Son Güncelleme: 2012-05-05
Kullanım Sıklığı: 1
Kalite:
jag känner dina gärningar och ditt arbete och din ståndaktighet, och jag vet att du icke kan lida onda människor; du har prövat dem som säga sig vara apostlar, men icke äro det, och har funnit dem vara lögnare.
‹yaptıklarını, çalışkanlığını, sabrını biliyorum. kötü kişilere katlanamadığını da biliyorum. elçi olmadıkları halde kendilerini elçi diye tanıtanları sınadın ve onları yalancı buldun.

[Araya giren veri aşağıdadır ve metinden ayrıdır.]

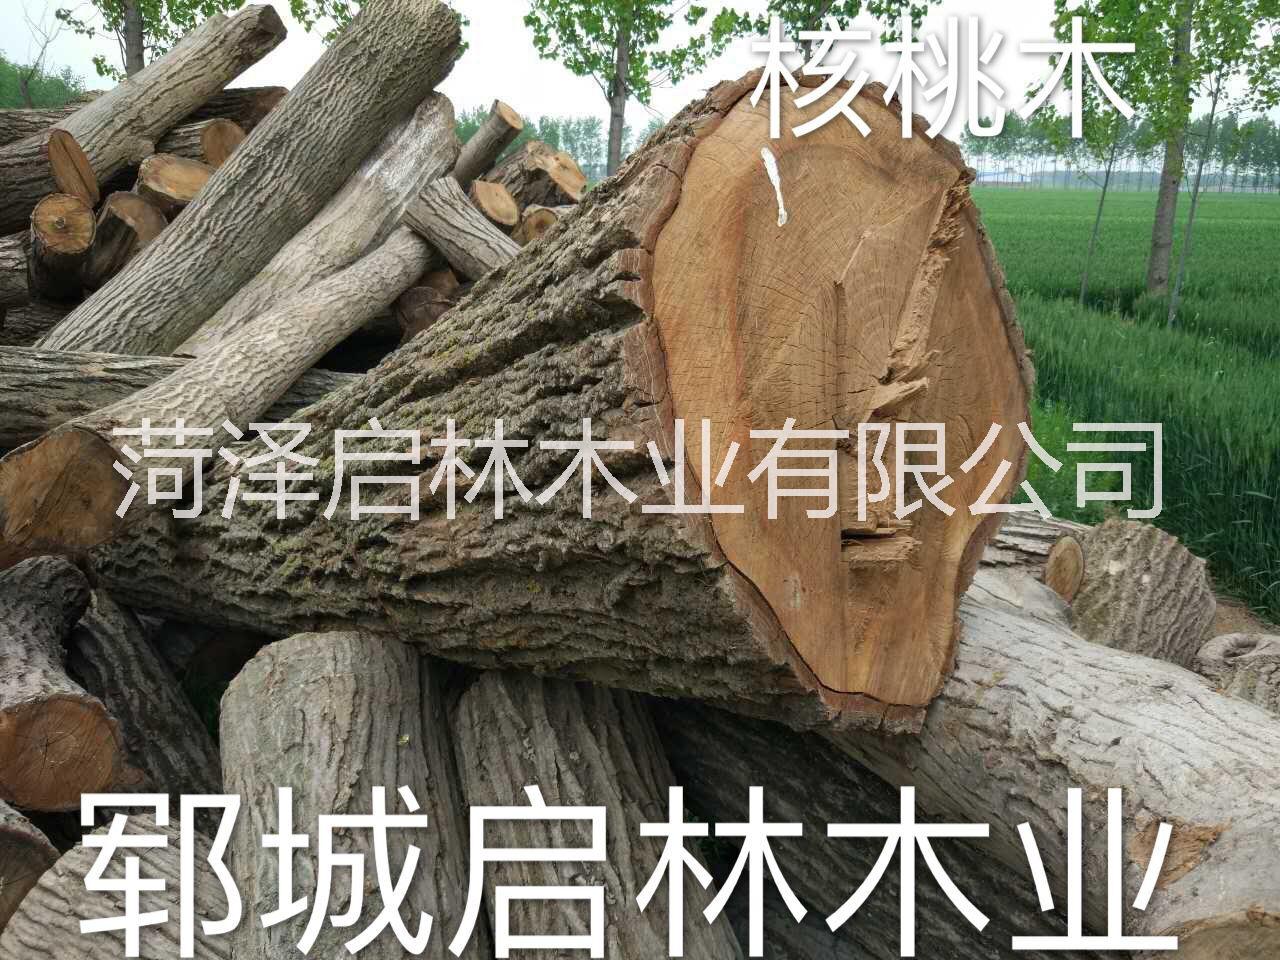 菏泽市核桃木厂家大量供应用于工艺品/雕刻/制作家具等的核桃木/优质大径核桃原木批发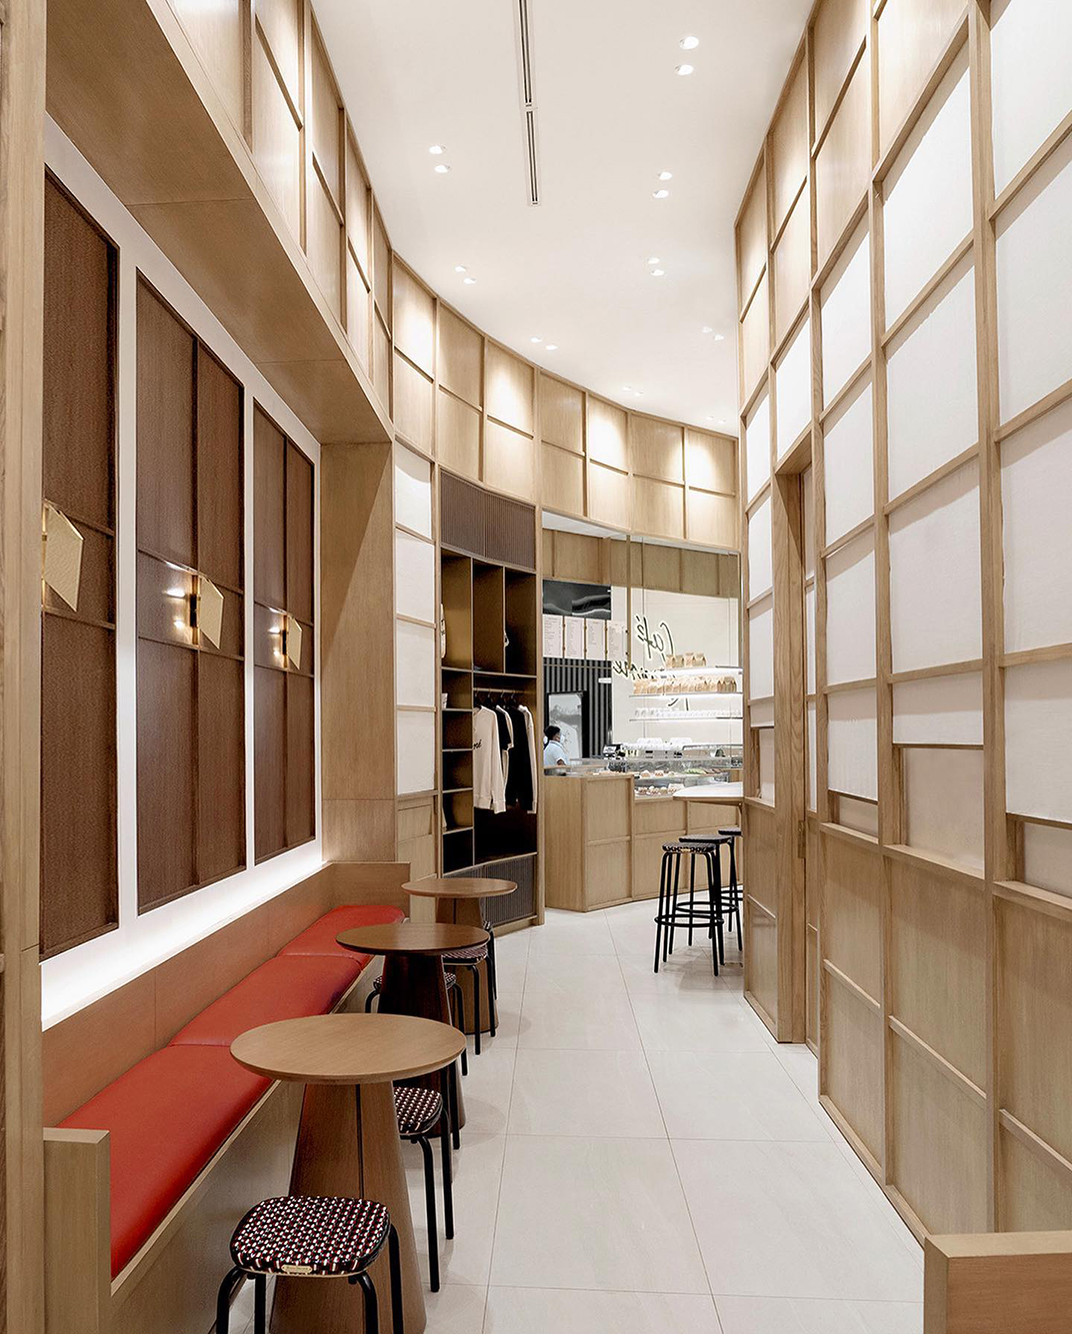 咖啡店Cafe Kitsune 菲律宾 北京 上海 成都 武汉 杭州 广州 澳门 logo设计 vi设计 空间设计

Son Güncelleme: 2012-05-05
Kullanım Sıklığı: 1
Kalite:
den som för andra bort i fångenskap, han skall själv bliva bortförd i fångenskap; den som dräper andra med svärd, han skall själv bliva dräpt med svärd. här gäller det för de heliga att hava ståndaktighet och tro.
tutsak düşecek olan tutsak düşecek. kılıçla öldürülecek olan kılıçla öldürülecek.
Son Güncelleme: 2012-05-05
Kullanım Sıklığı: 1
Kalite:
allenast skall du vara ståndaktig i att icke förtära blodet; ty blodet är själen, och själen skall du icke förtära med köttet.
ama kan yememeye dikkat edin. Çünkü ete can veren kandır. etle birlikte canı yememelisiniz.